Обняв дрожащих и плачущих Неду и Мача, в мрачных раздумьях о людских судьбах сокрушенно вздыхал Кондрат.
Как ни был чужд семье ненцев край, в который их забросила судьба, сколь ни была велика тоска о тундре, однако все это не могло погасить любопытства и интереса северян к окружающему их новому миру. Особенно он привлекал к себе детей.
Вокруг чума за рощей неумолчно звенела жизнь, незнакомая им, и они с детской любознательностью стремились познать ее. Но Кондрат не пускал ребят отходить от чума, и чужой мир за рощей оставался недоступным и неразгаданным.
Валецкий заметил это неутоленное желание детей и с согласия Кондрата однажды повел их к расположенным невдалеке за рощей жилищам ойротов, казахов и узбеков. Когда они вернулись, их возбужденным горячим рассказам отцу и матери о виденном не было конца. Уступая настойчивой просьбе ребят, Валецкий вынужден был еще не раз совершать со своими маленькими друзьями небольшие экскурсии по выставке. Ему и самому доставлял удовольствие восторг детей.
Мечтой и страстью Мача стало увидеть весь этот необычный мир, который приоткрылся перед мальчиком в прогулках со скульптором. Мач осмелел и звал сестренку пойти одним и насмотреться на удивительных людей и их жизнь за пределами опостылевшей лужайки. Недо боялась. Тогда Мач сказал ей, что он убежит один.
На следующее утро, проснувшись, Недо не нашла брата рядом. На его месте у костра лежали лишь скомканная малица и кисы.

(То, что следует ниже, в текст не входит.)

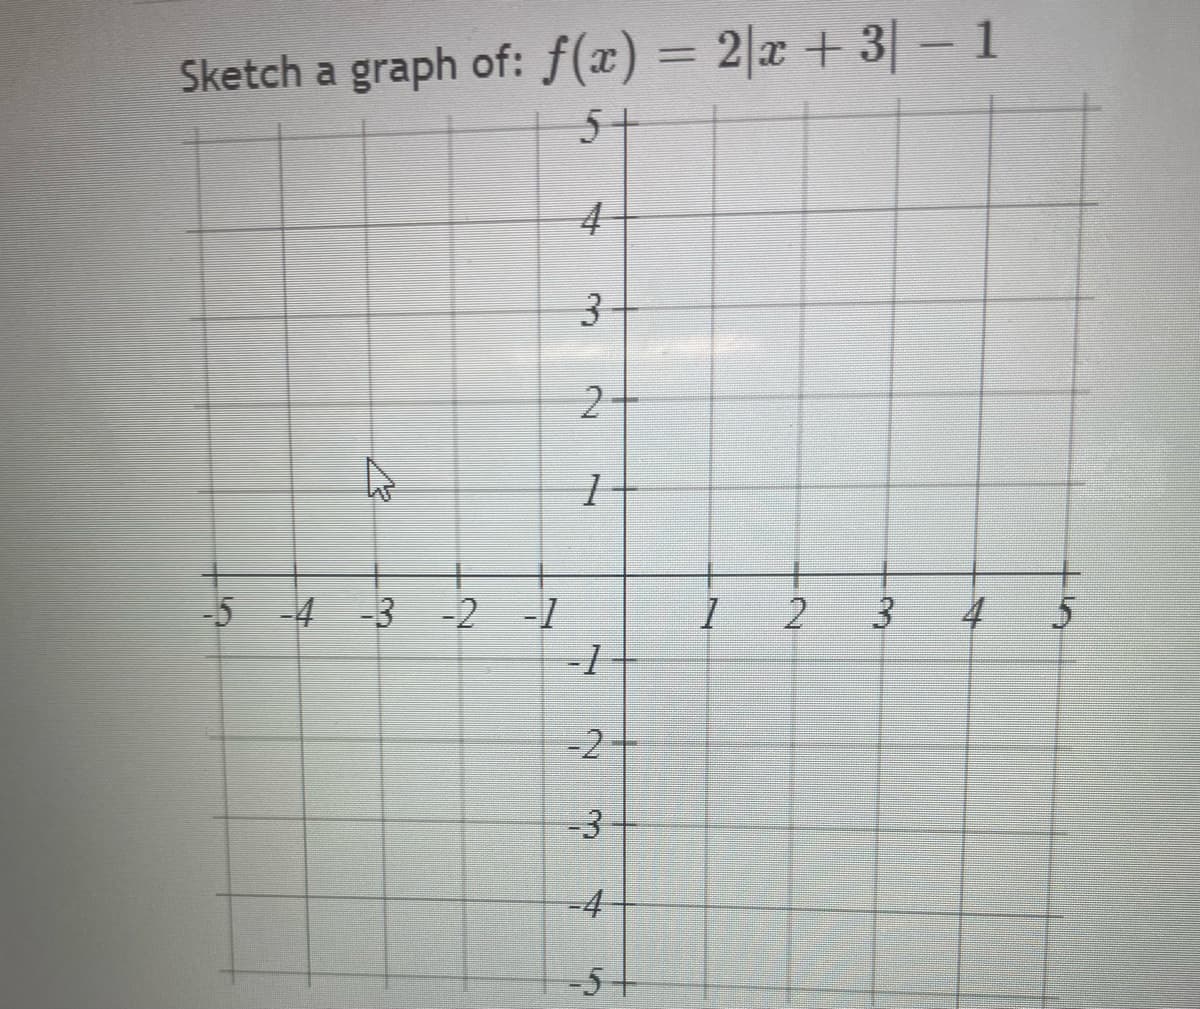 Sketch a graph of: f(x) = 2|x + 3|- 1
5+
%3D
4
-5 -4 -3 -2 -1
4
5
-2
-3-
-4
-5
3.
2.

Мальчик не вернулся и к вечеру. Кондрат не мог его найти на выставке и на следующий день. Мач исчез, и семья Сяско с новым горем замкнулась в своем чуме.
Убежав из чума, мальчик, как зачарованный, бродил с толпами людей по огромной выставке. Он забыл о еде, о томившей его жажде. Перед его глазами открылся неведомый мир, населенный невиданными людьми и животными, расцвеченный красками, не знаемыми в тундре.
Двугорбый ревущий и плюющийся верблюд поверг маленького северянина в ужас. Спесивый, с красной длинной бородой и причудливым хвостом крикливый индюк рассмешил Мача до слез. В восторг привел мальчика стремительный танец лезгина с кинжалом. Его поразили знакомые по звуку, настойчивые, все учащающиеся удары в бубен, как при священной пляске шамана. Только перед глазами Мача носился по кругу не страшный лохматый татибей, а легкий, как ветер, стройный горец. Сверкавшие в его руках кинжалы, горячие взгляды темных, глубоко запавших глаз, порывистые движения, стремительный ритмичный бег по кругу заворожили мальчугана. Он стиснул рукоятку своего ножа и вместе с возбужденной искусным танцем толпой, в такт пляски хлопавшей в ладоши, выкрикивал какое-то непонятное ему слово «Асса!»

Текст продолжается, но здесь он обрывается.